* _What you need to do_
Once the line containing "enquiry Dm @d2linteriorforspace" is found in the entries below, reproduce it and every line after it, stopping at and including the line containing "#3d #modeling #3dmodel"; reproduce nothing else, and keep each line exact.
BEGIN
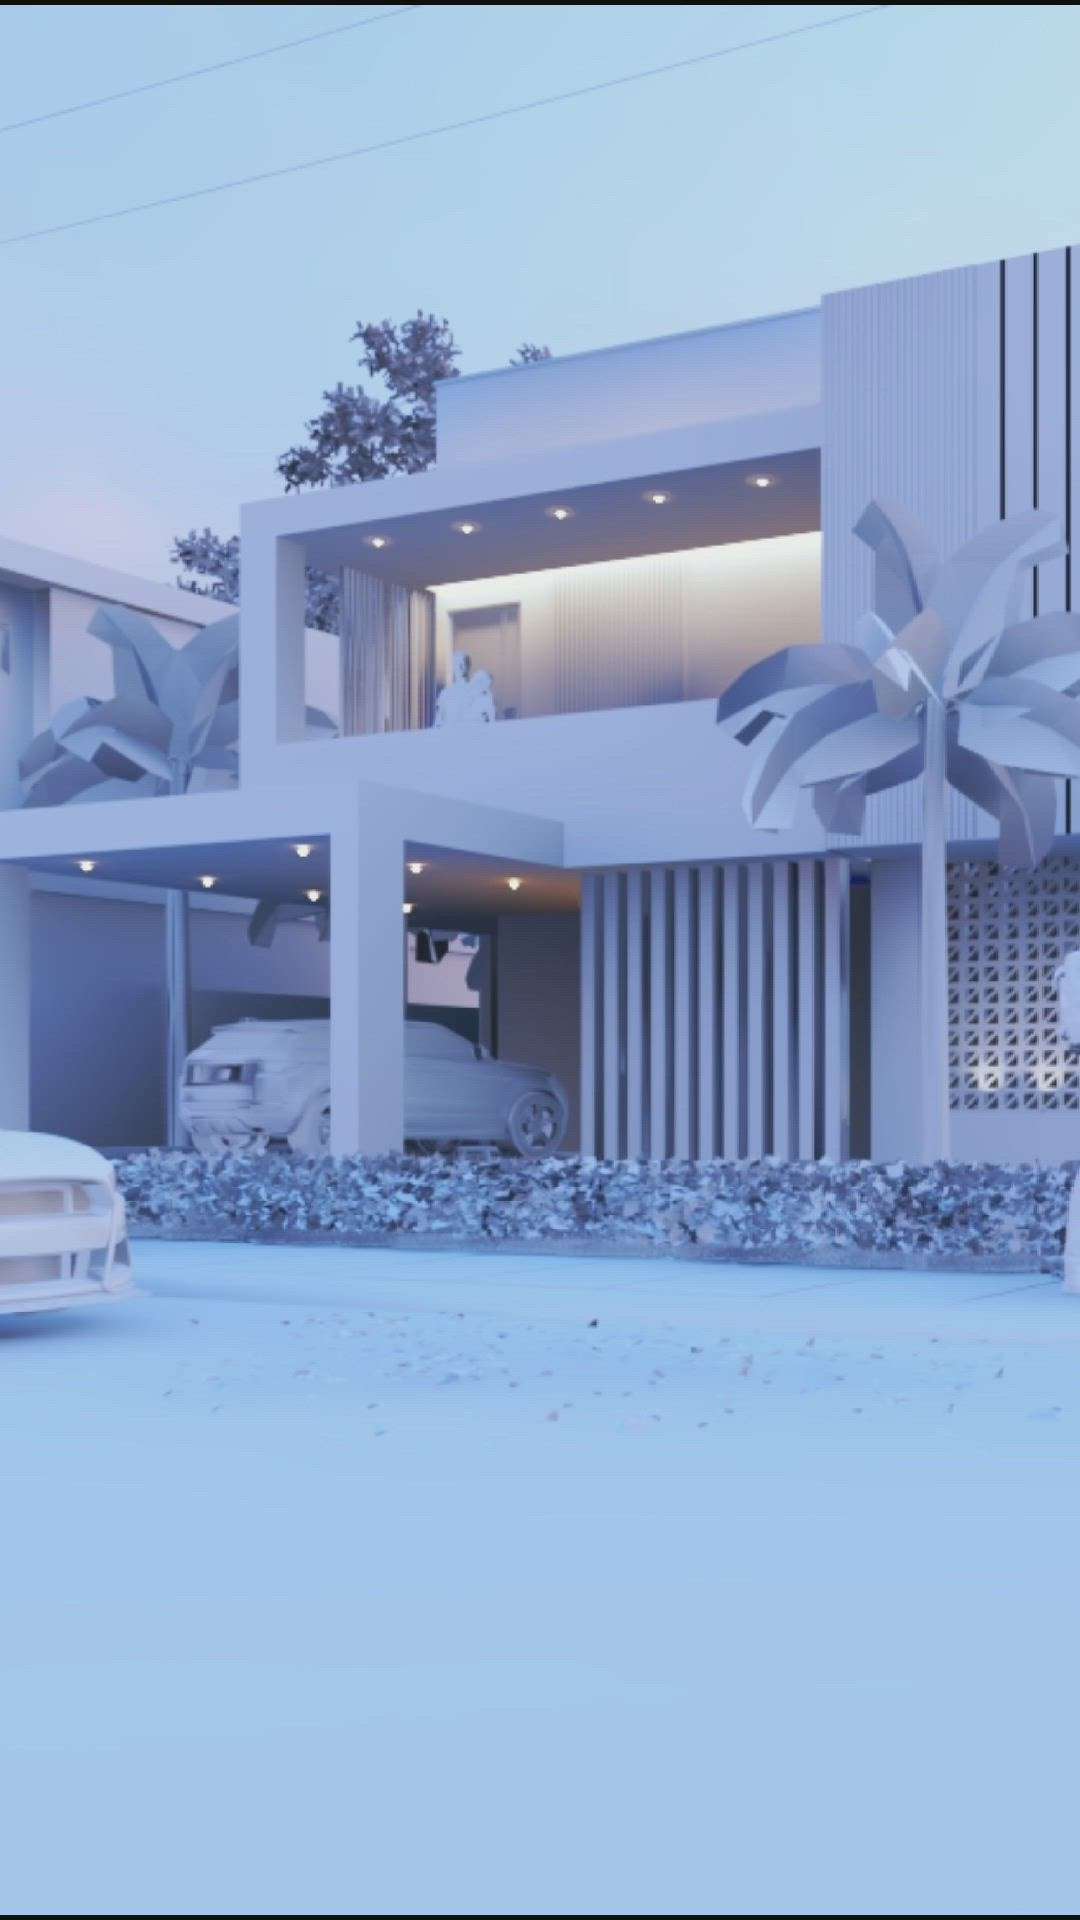 Modern House Design

>follow us for more daily dose of 3D
> For more enquiry Dm @d2linteriorforspace 

#3d #modeling #3dmodel #arquitetura #arquiteturadeinteriores #exterior_Work #exteriordesigns #reach #HouseDesigns #sketchupvray
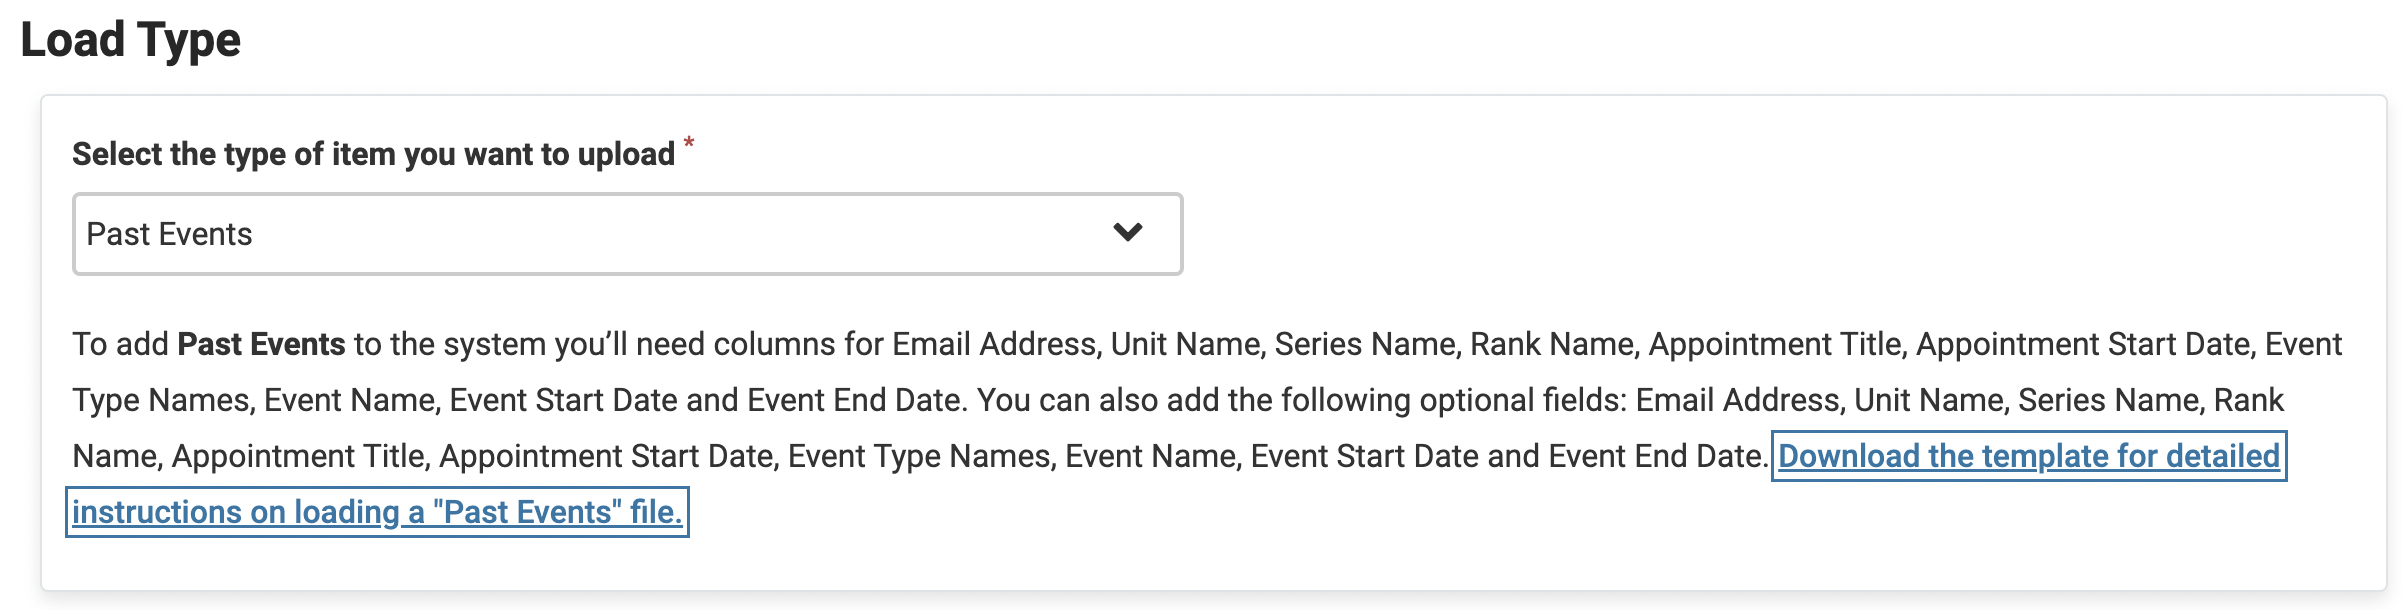 Load Type section with Past Events selected and the Download the template for detailed instructions on loading a "Past Events" file link selected
END
* _Reply to the exercise_
> For more enquiry Dm @d2linteriorforspace 

#3d #modeling #3dmodel #arquitetura #arquiteturadeinteriores #exterior_Work #exteriordesigns #reach #HouseDesigns #sketchupvray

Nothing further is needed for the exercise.